Monday, February 23, 2009

communication is key.

For a relationship to work (to thrive, to grow), there needs to be communication. One lesson I have really had driven home in the past two years is how necessary communication is to maintain a healthy relationship, be it with a friend, a significant other, a roommate, or a family member. We all know this, but it can be difficult to really get a grasp on and it takes a lot of work. For any of us that have really put time into it, we know how much stronger a connection grows between two people when things are being talked about rather than kept to oneself. It feels great when everyone's on the same page, doesn't it?

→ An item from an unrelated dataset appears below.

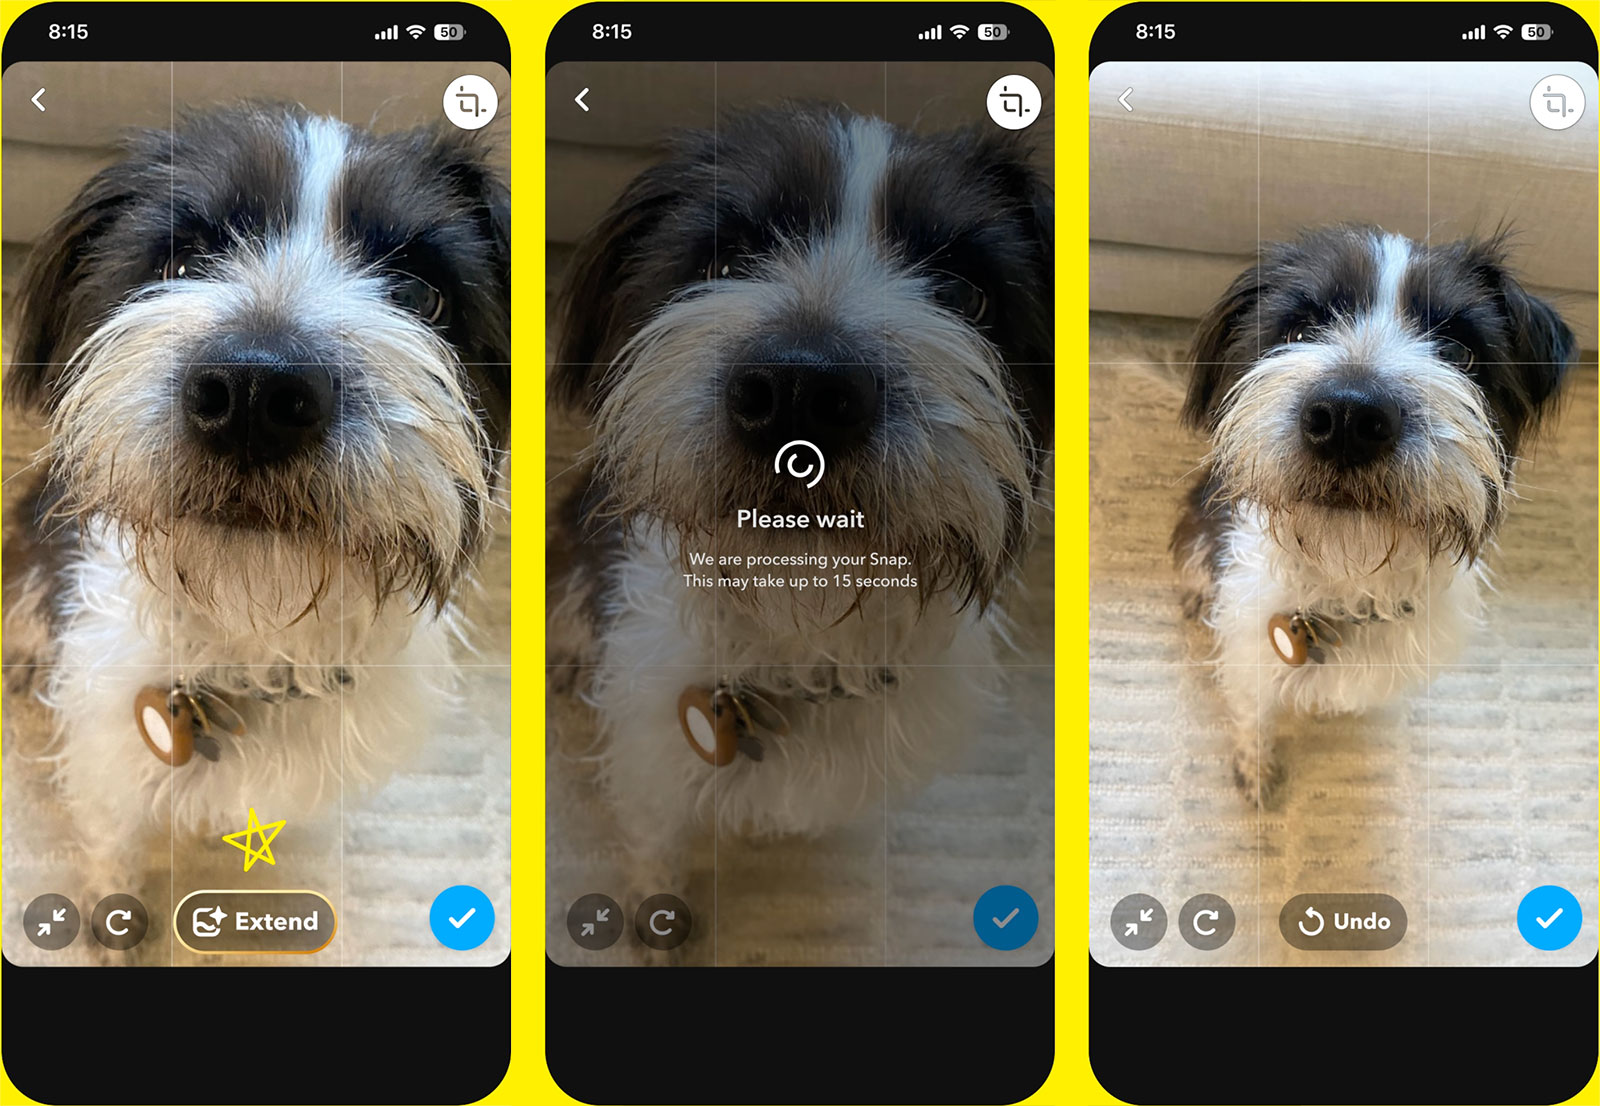 Subskrybenci Snapchat+ mogą teraz używać sztucznej inteligencji do tworzenia lub rozszerzania obrazów w aplikacji.

Somehow, we seem to think that because we live within ourselves, there doesn't need to be communication. That would be considered "talking to yourself," which is wrong and makes you look like a crazy person, am I right? ..I'm so not. Talking to yourself is not necessarily talking out loud, although, that's also rather healthy for you (despite it not being a societal norm). Making out our concerns towards ourself and our lives is much easier for us to work out audibly than it is visually, like how "thinking out loud" is often necessary to really work through a thought.

With body image issues, especially eating disorders, there is a strong disconnect between the mental and the physical. Hunger/satiation cues are lost and confused and our body's needs are silenced to what our mind thinks we need. I often told my treatment team I felt like two people trapped in one body, which I now realize were the physical and the mental. Both were screaming bloody murder for things they needed and drowning each other out. Can you imagine if that's how you and your best friend tried to solve a problem? No one will ever be heard and no one's needs will be met.

I stumbled over a really beautiful blog tonight. It's called "letters to my body " and is written by an anonymous actress who struggled through years of Hollywood's poking and prodding at her body image and has decided to bring communication back where it matters. I thought it was such a genius idea. I can't believe this isn't used in treatment programs.

We need to start learning how to talk to ourselves again.